Sector-Specific Opportunities
- Technology and AI: Technology continues to drive M&A activity, fueled by explosive growth in artificial intelligence (“AI”). Companies are racing to acquire AI capabilities, proprietary data, and supporting infrastructure, such as data centers and energy grids to remain competitive. Both strategic buyers and private equity (“PE”) firms are aggressively pursuing deals in this space, with AI-related acquisitions expected to dominate headlines in 2025.
- Critical Minerals and Energy Transition: Canada’s leadership in critical minerals, such as lithium and copper, positions it as a global hub for M&A in the energy transition. These materials are essential for electric vehicle batteries and renewable energy projects, and federal incentives have only bolstered activity in this space. Geopolitical concerns over supply chain security are expected to keep the minerals sector a focal point for domestic and international investors.
- Healthcare and Biotech: The health-care sector offers a mix of opportunities and challenges. Pharmaceuticals and medical technology are poised for growth due to aging demographics and innovation, but PE involvement in health-care services continues to face scrutiny at the provincial level, reflecting ongoing regulatory challenges.
- Energy and Natural Resources: Rising global energy demand, coupled with Canada’s abundant resources, is expected to drive consolidation in oil and gas. Liquefied natural gas infrastructure, particularly for European exports, presents significant growth opportunities.
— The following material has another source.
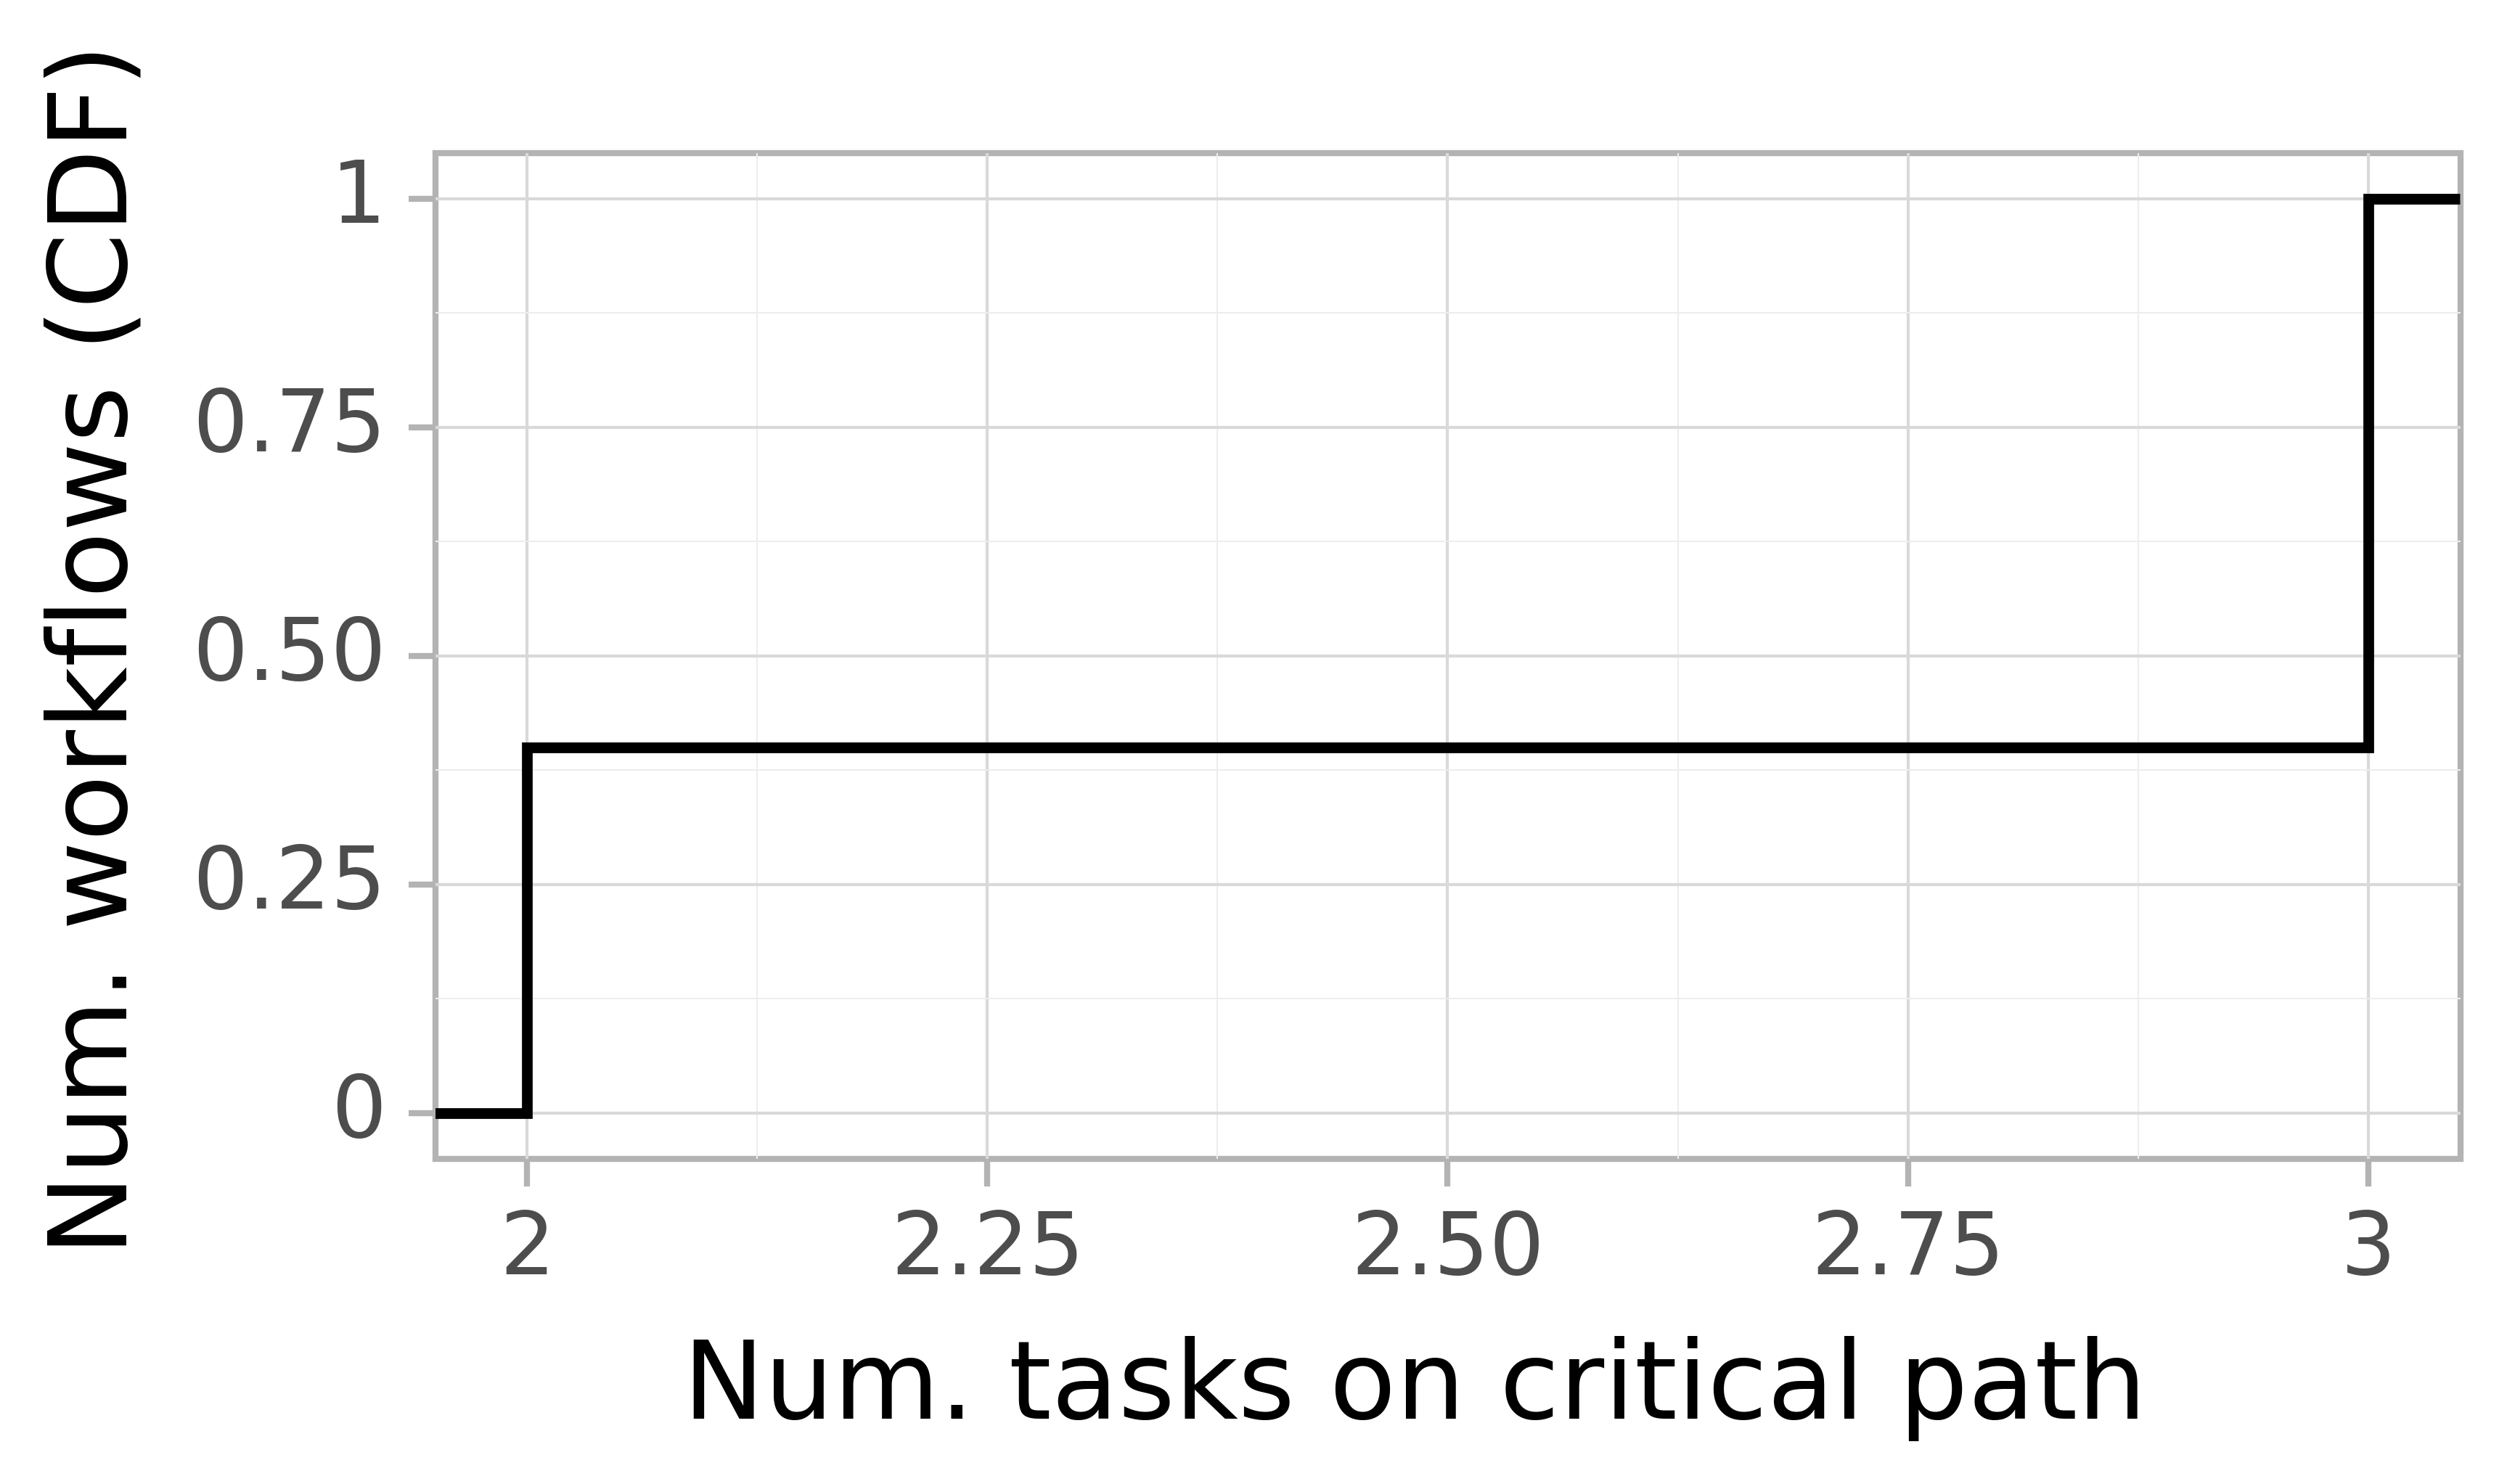 Job critical path task count graph for the Pegasus_P3 trace.

Meanwhile, Canada’s renewable energy projects remain attractive for sustainability-focused investors.
Private Equity’s Continued Dominance
PE firms are expected to play a pivotal role in Canada’s M&A activity in 2025. With record levels of dry powder (over CA$2.9 trillion globally), PE firms are under pressure to deploy capital. Platform acquisitions and add-ons will remain popular strategies, particularly in sectors like technology, health care, and infrastructure.
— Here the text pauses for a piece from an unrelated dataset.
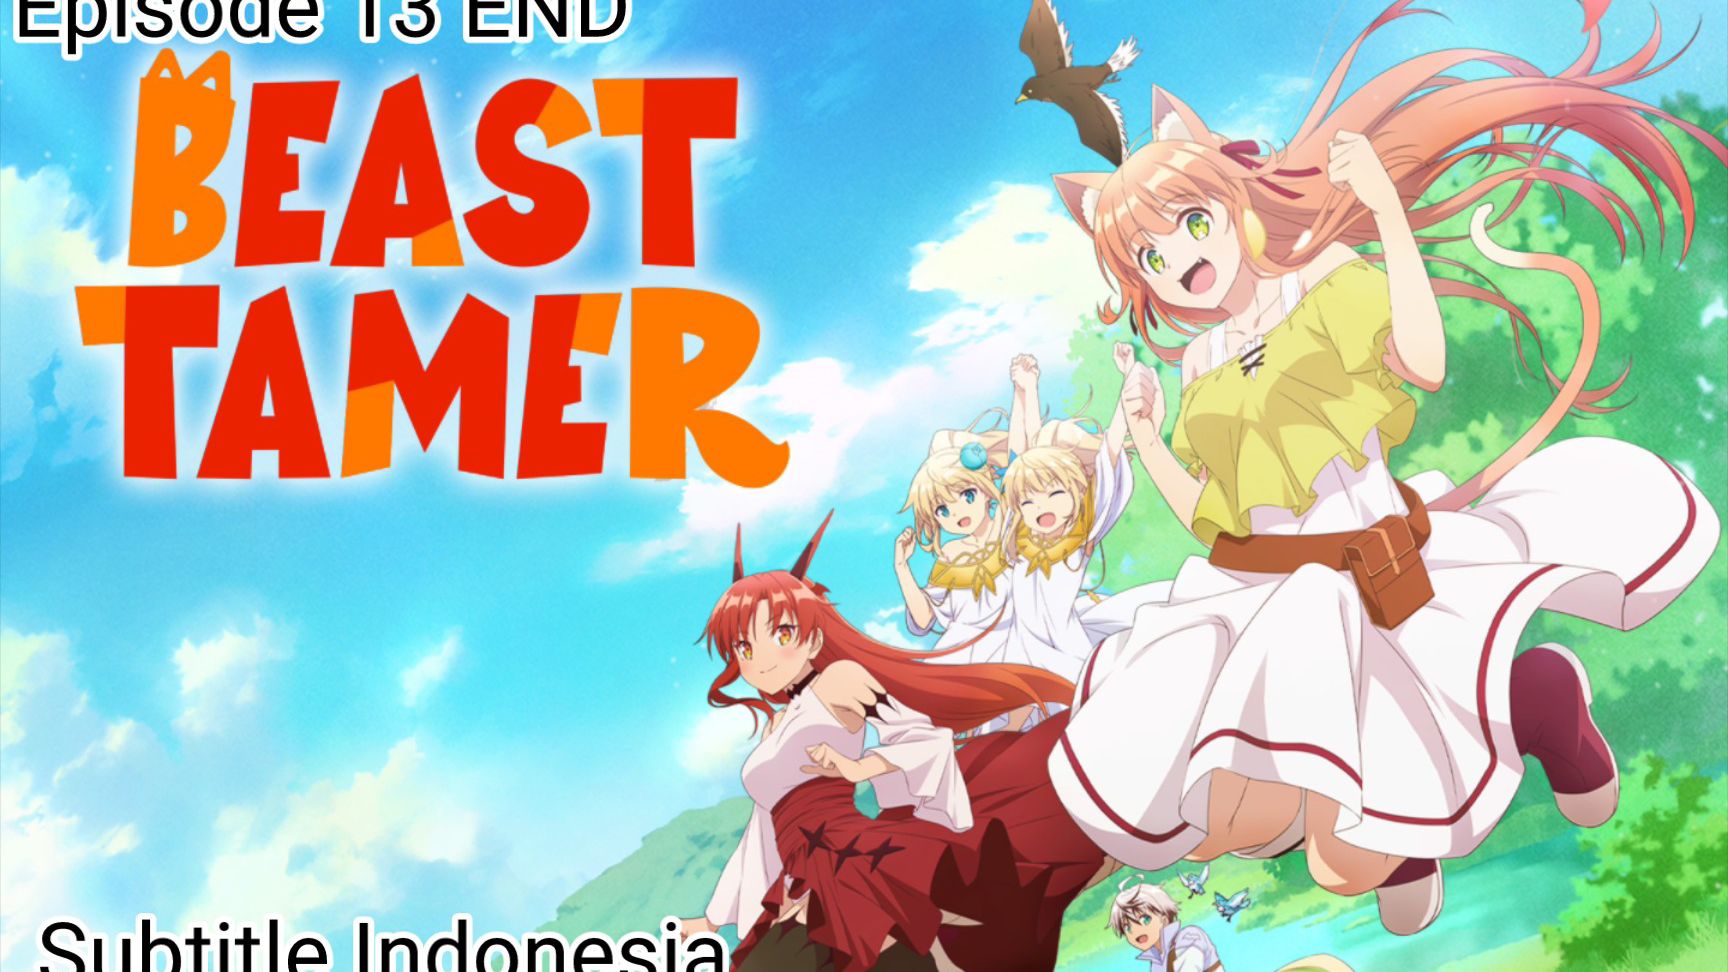 Beast Tamer ~ Episode 13 END Sub.Indo - Video Dailymotion

A backlog of portfolio companies held longer than usual is expected to spur a wave of PE exits. Firms are exploring creative solutions, such as dual-track processes (sale and initial public offering) and partial exits, to meet investor demands for liquidity. The secondaries market, which has matured significantly in recent years, will also provide alternative pathways for PE firms to achieve liquidity.
Regulatory and Geopolitical Complexity
- The Impact of Trump’s Tariff Threats: The Trump administration’s fluctuating tariffs on Canadian imports have created uncertainty for cross-border trade and have prompted retaliatory tariffs from Canada. In response, many Canadian companies are pursuing defensive acquisitions or shifting operations and investments to the U.S. to mitigate tariff risks. These developments underscore the necessity for adaptive strategies in the face of escalating geopolitical challenges.
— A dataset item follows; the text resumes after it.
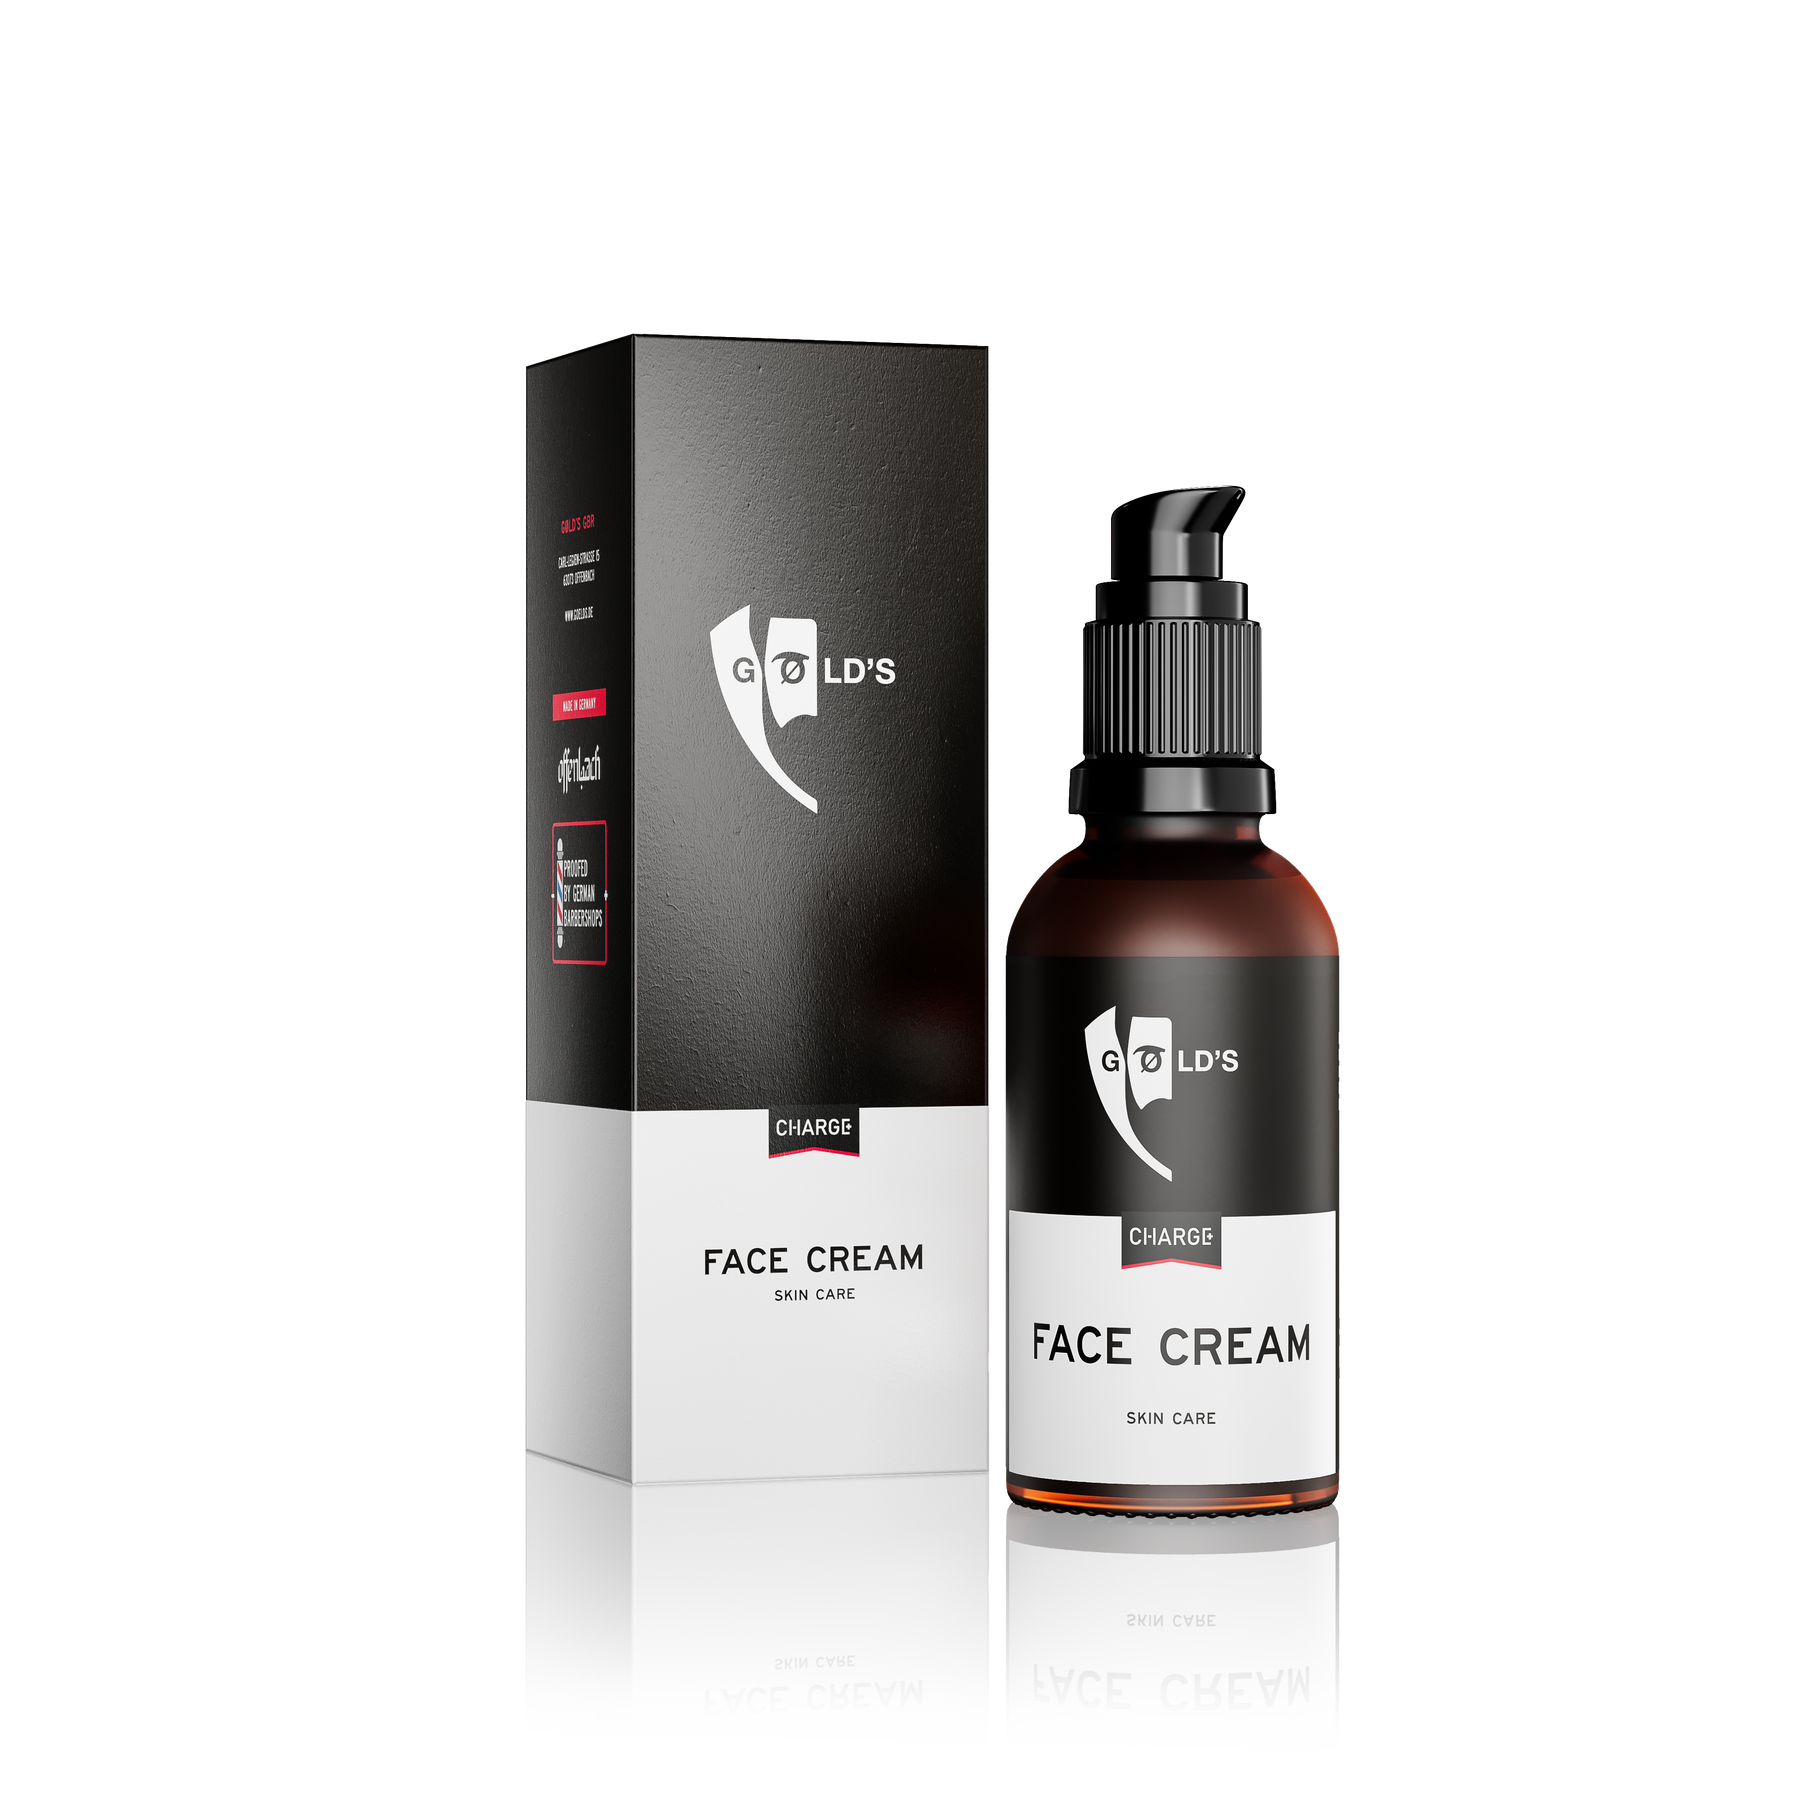 CHARGE Face Cream Gesichtscreme by GØLD's

- Heightened Scrutiny: Regulatory regimes will continue to pose challenges for dealmakers in 2025. Canada’s Competition Bureau has intensified scrutiny of large transactions, especially in concentrated industries like technology and critical minerals. This has lengthened deal timelines and raised execution costs, making early regulatory planning essential. Globally, foreign direct investment regimes add complexity, with national security reviews posing hurdles in sensitive sectors like semiconductors or cybersecurity.
Valuation Trends and Creative Deal Structures
Valuation dynamics will play a central role in shaping Canadian M&A activity in 2025. High-growth sectors like technology, health care, and critical minerals will command premium valuations, while manufacturing may see more moderate activity. To address linger-ing uncertainties, dealmakers are leveraging innovative structures, including:
- Earnouts and Contingent Value Rights: These tools allow buyers and sellers to bridge valuation gaps by tying payments to future performance.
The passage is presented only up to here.